I took the towel away from her and ordered her out of the office. She looked insulted and snorted something rude, but she left. I sat on the edge of the couch and tried to swab away the blood from the lacerations without opening the wounds where the blood had caked. Both his eyes were swollen shut. His mouth was ripped badly. His hair was matted with dried blood.
He had been standing in line behind two kids in their teens. They started selling tickets at 12:30 and the show started at 1:00. The doors weren’t opened till 12:45. He had been waiting, and the kids in front of him had had a portable radio. They were listening to the ball game. Jeffty had wanted to hear some program, God knows what it might have been, Grand Central Station, Let’s Pretend, The Land of the Lost, God only knows which one it might have been.
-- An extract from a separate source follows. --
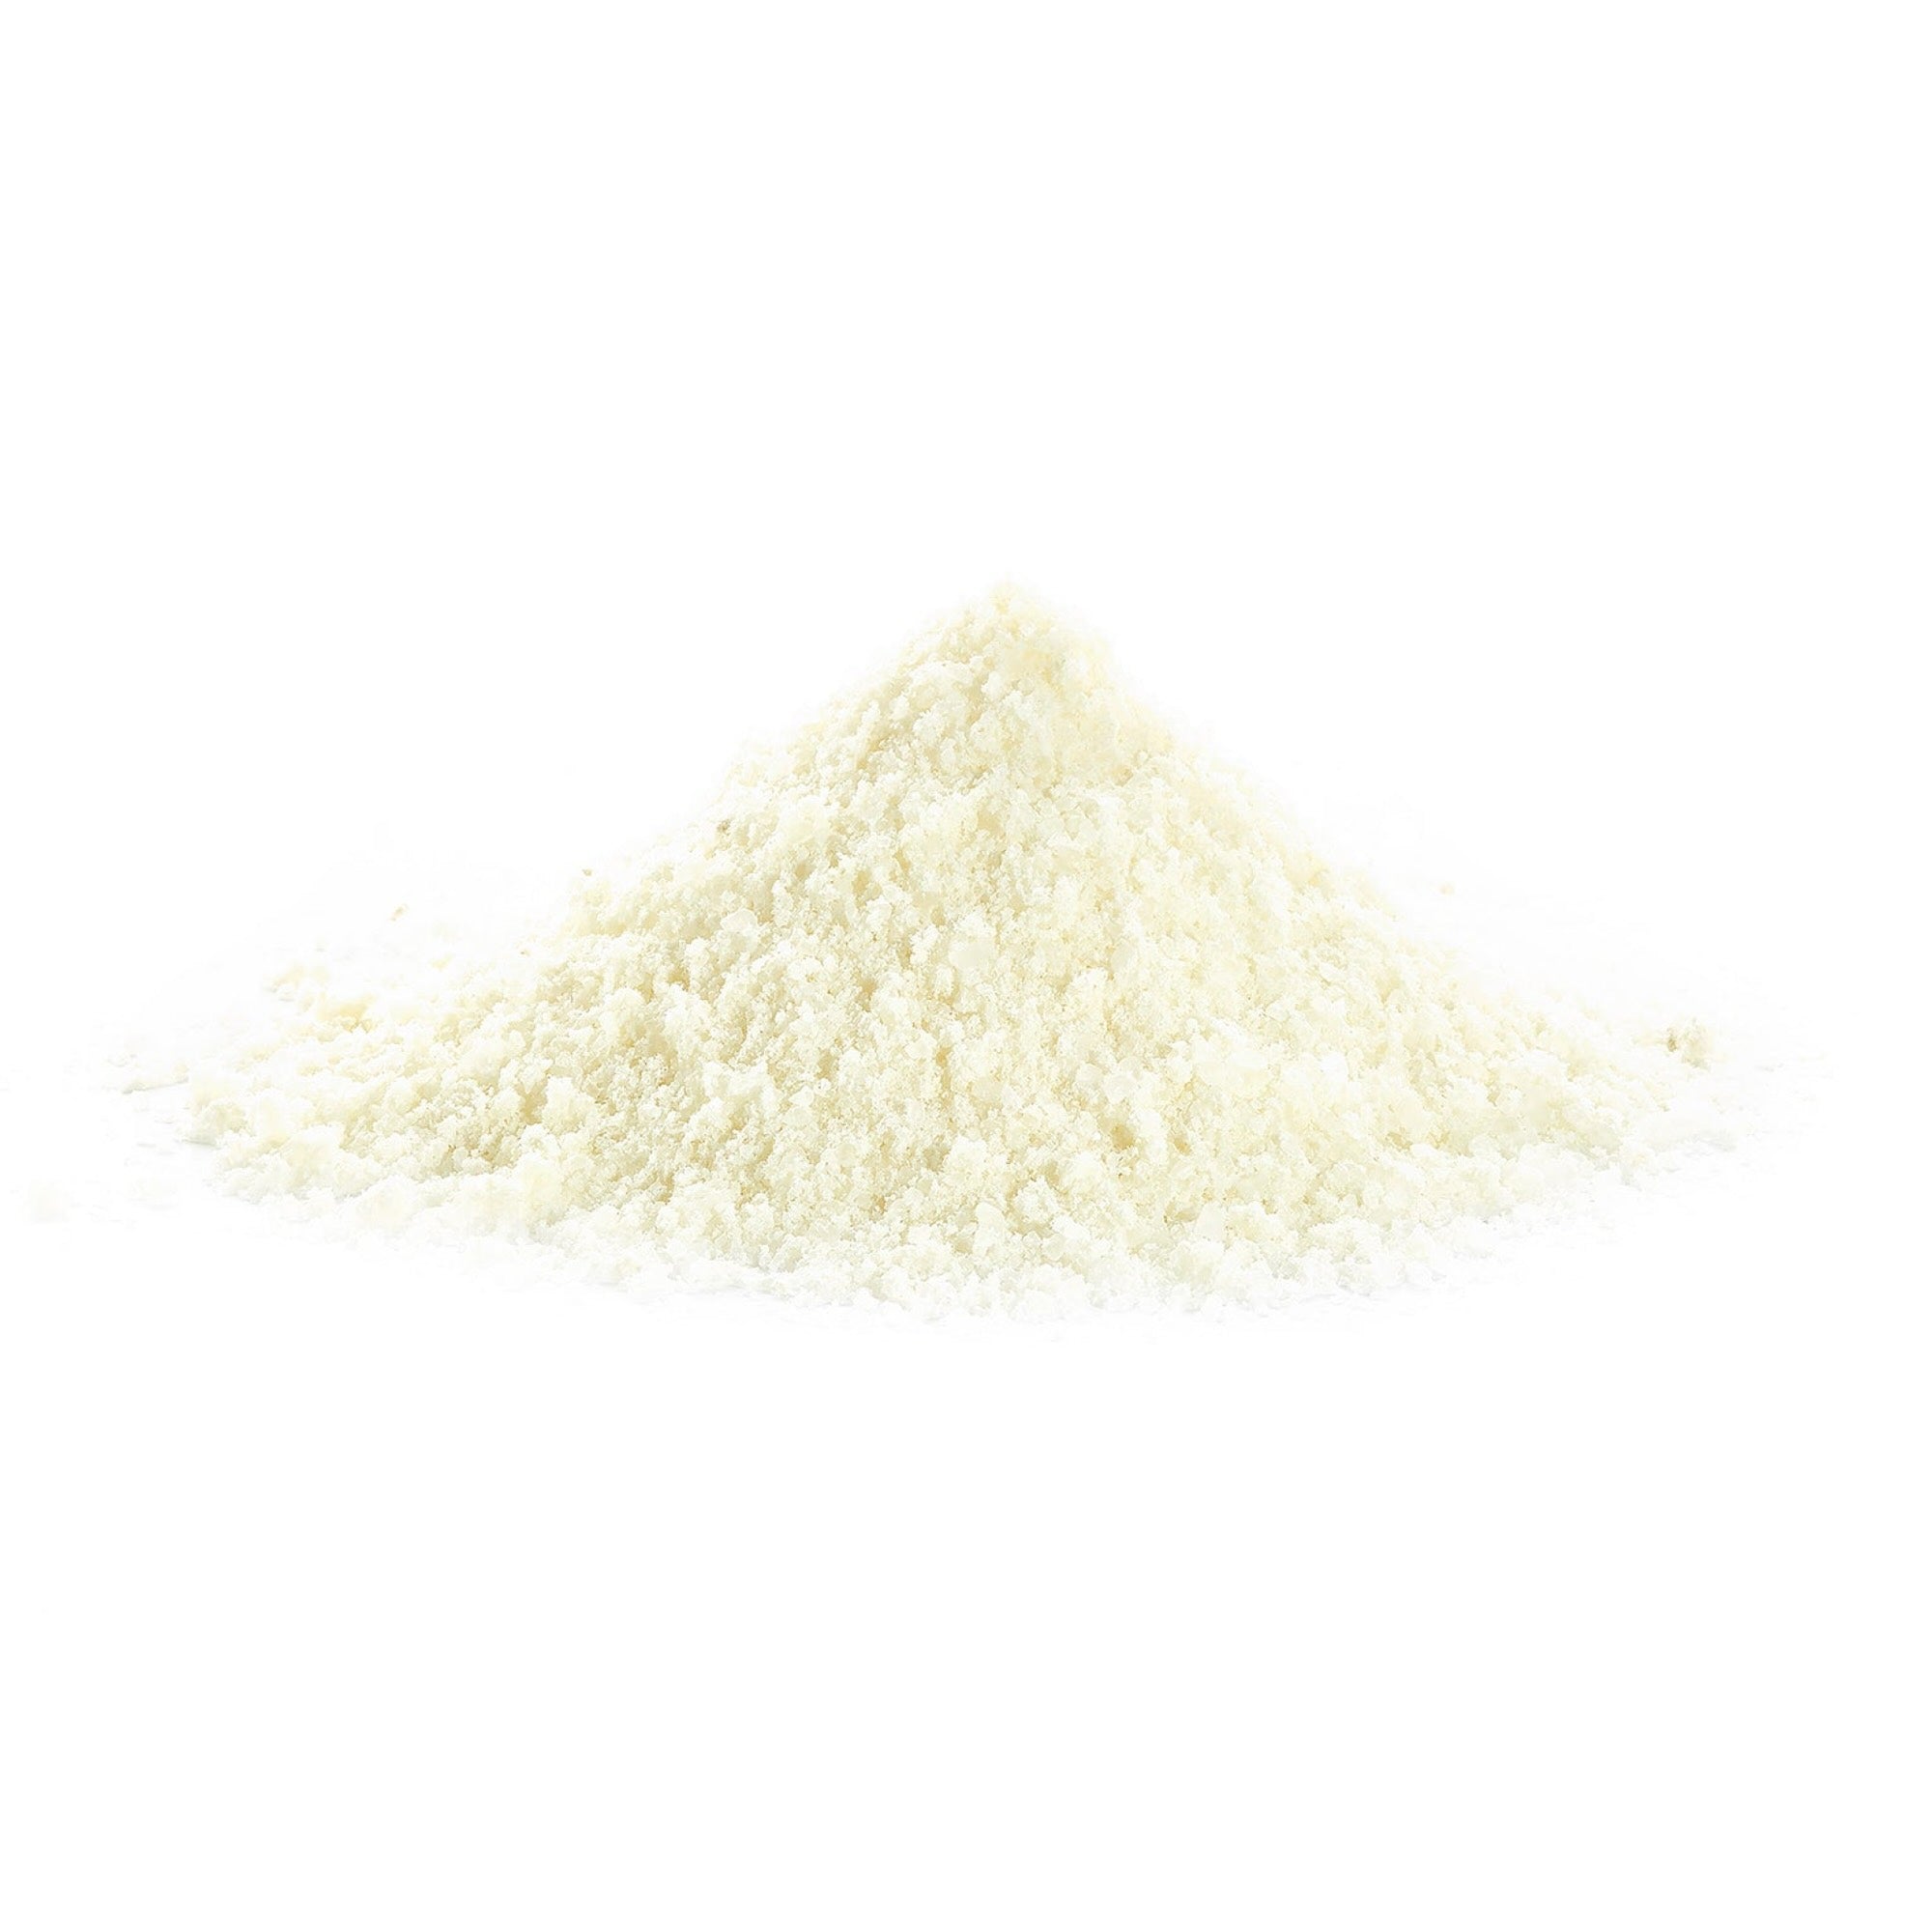 Image of the seaweed powder on a white background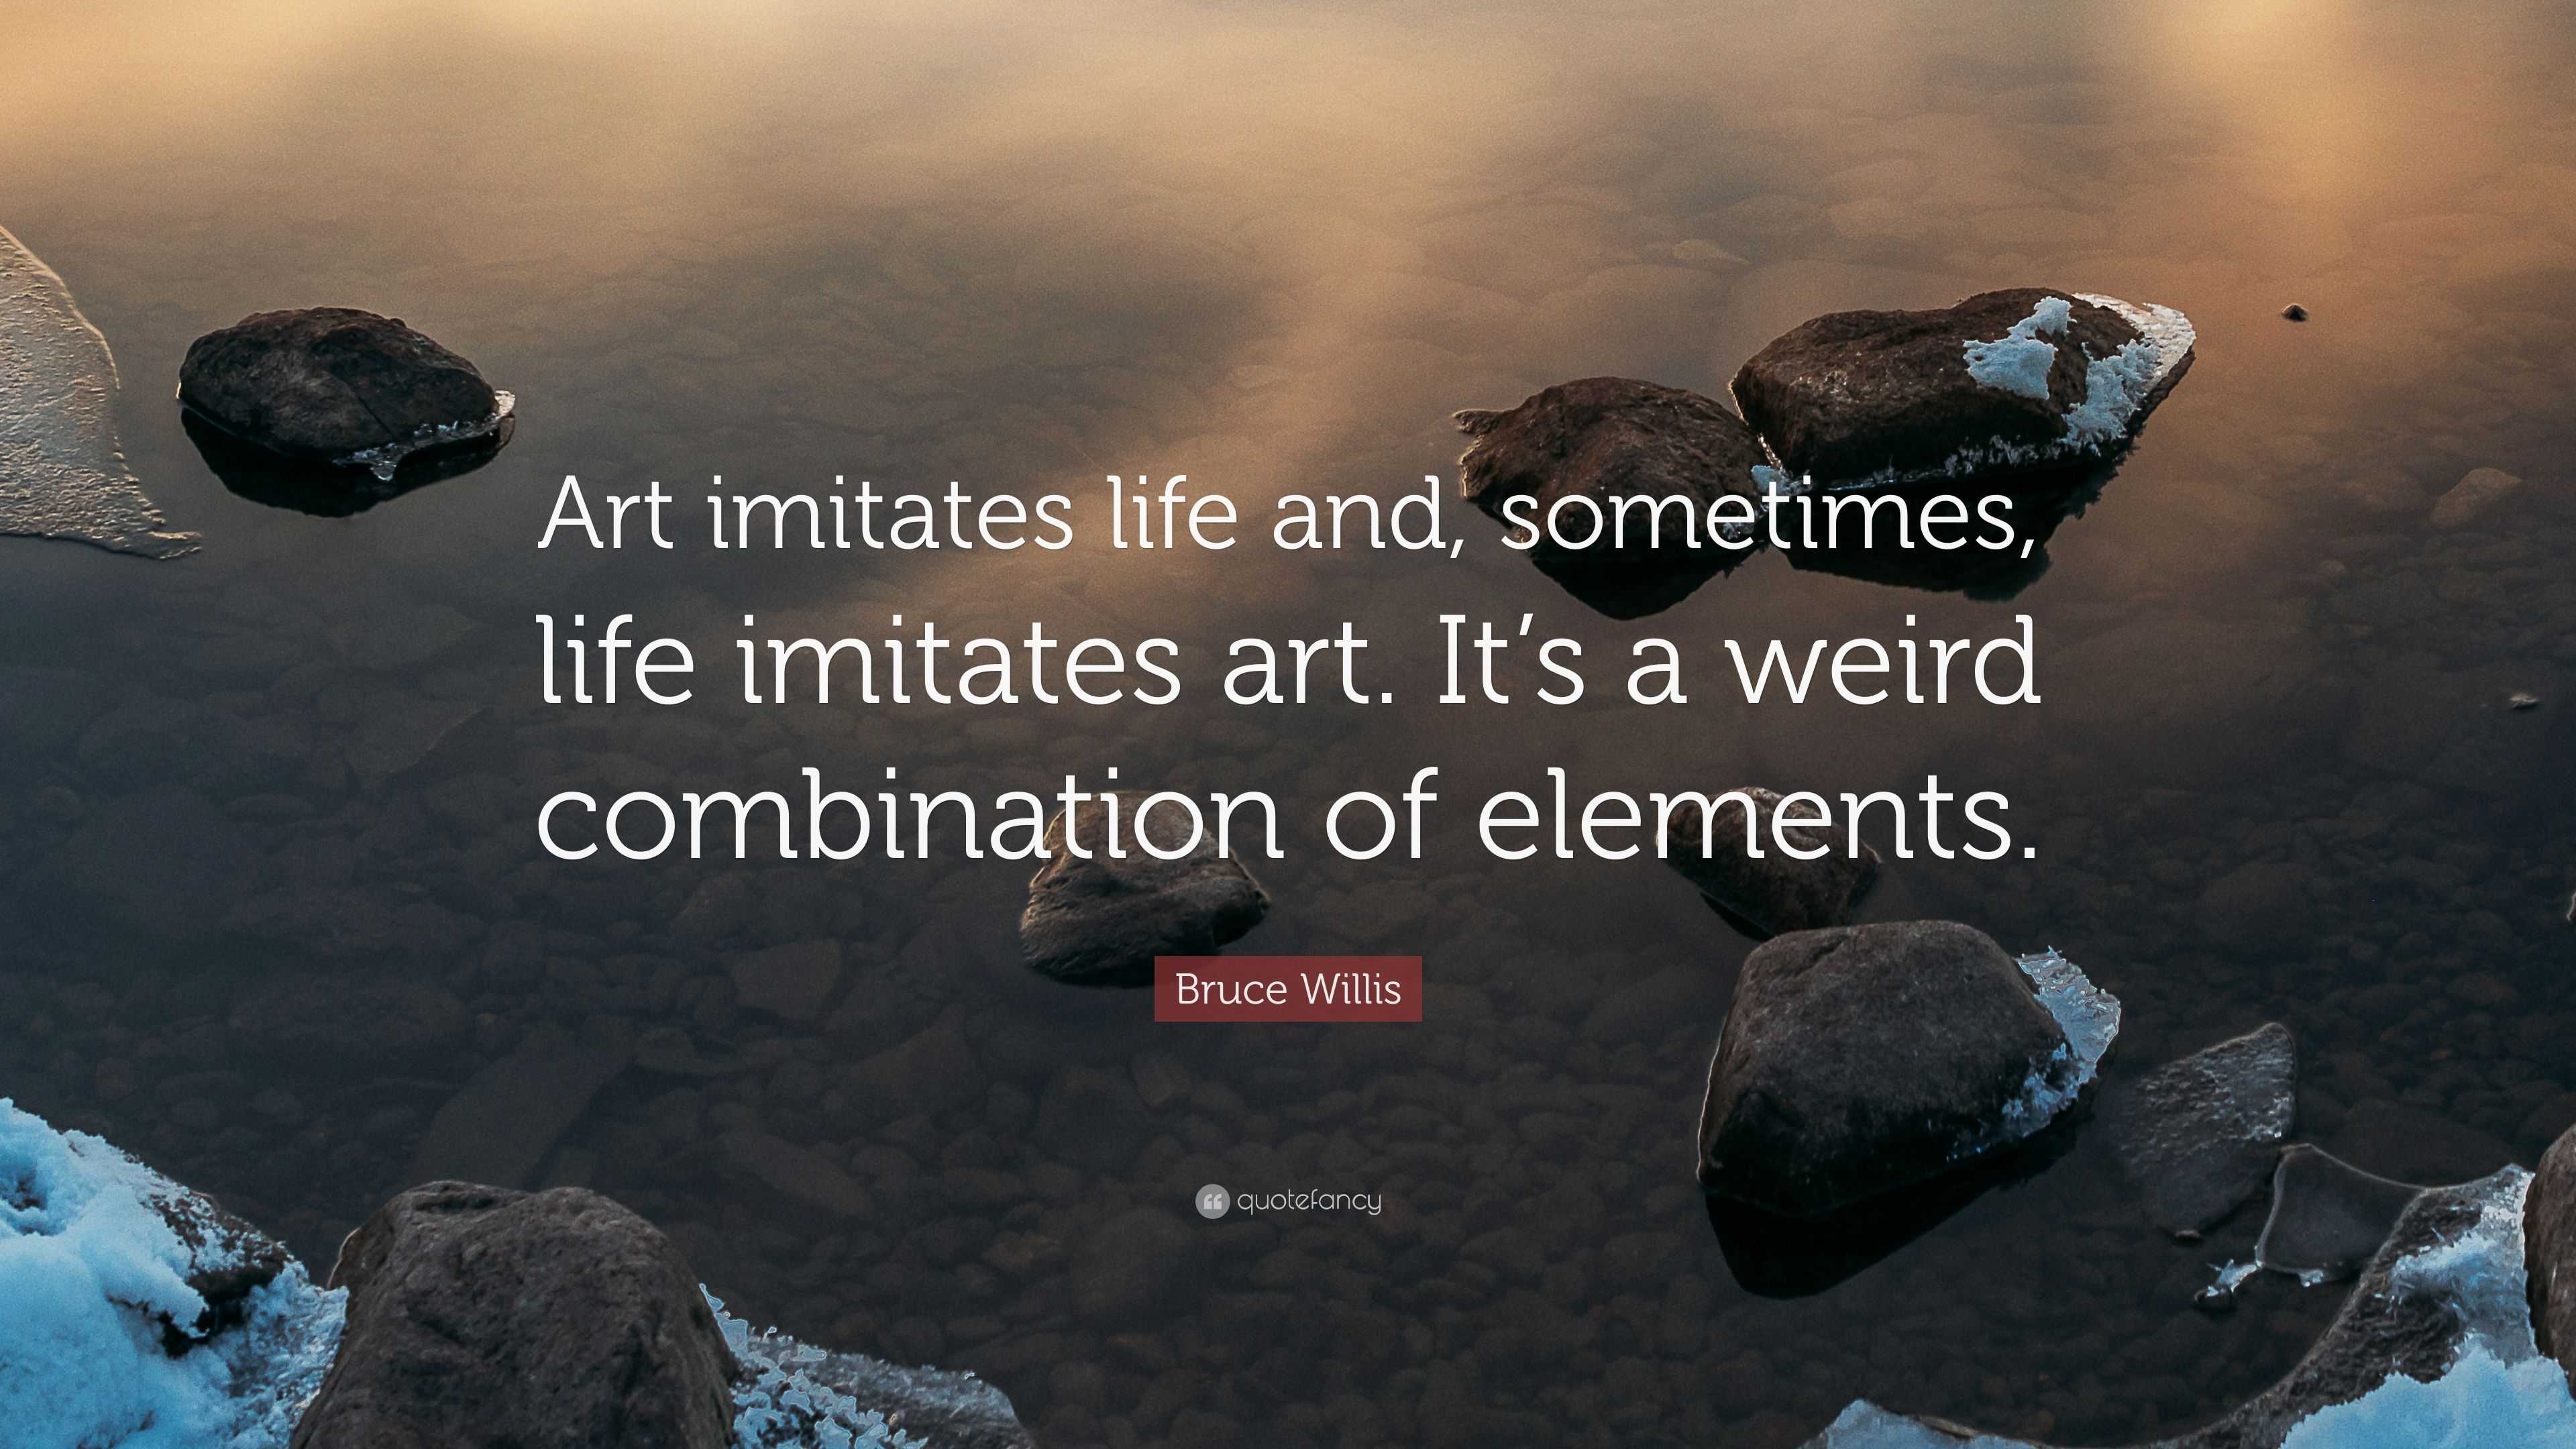 Bruce Willis Quote: "Art imitates life and, sometimes, life imitates art. It's a weird ...

He had asked if he could borrow their radio to hear the program for a minute, and it had been a commercial break or something, and the kids had given him the radio, probably out of some malicious kind of courtesy that would permit them to take offense and rag the little boy. He had changed the station... and they’d been unable to get it to go back to the ball game. It was locked into the past, on a station that was broadcasting a program that didn’t exist for anyone but Jeffty.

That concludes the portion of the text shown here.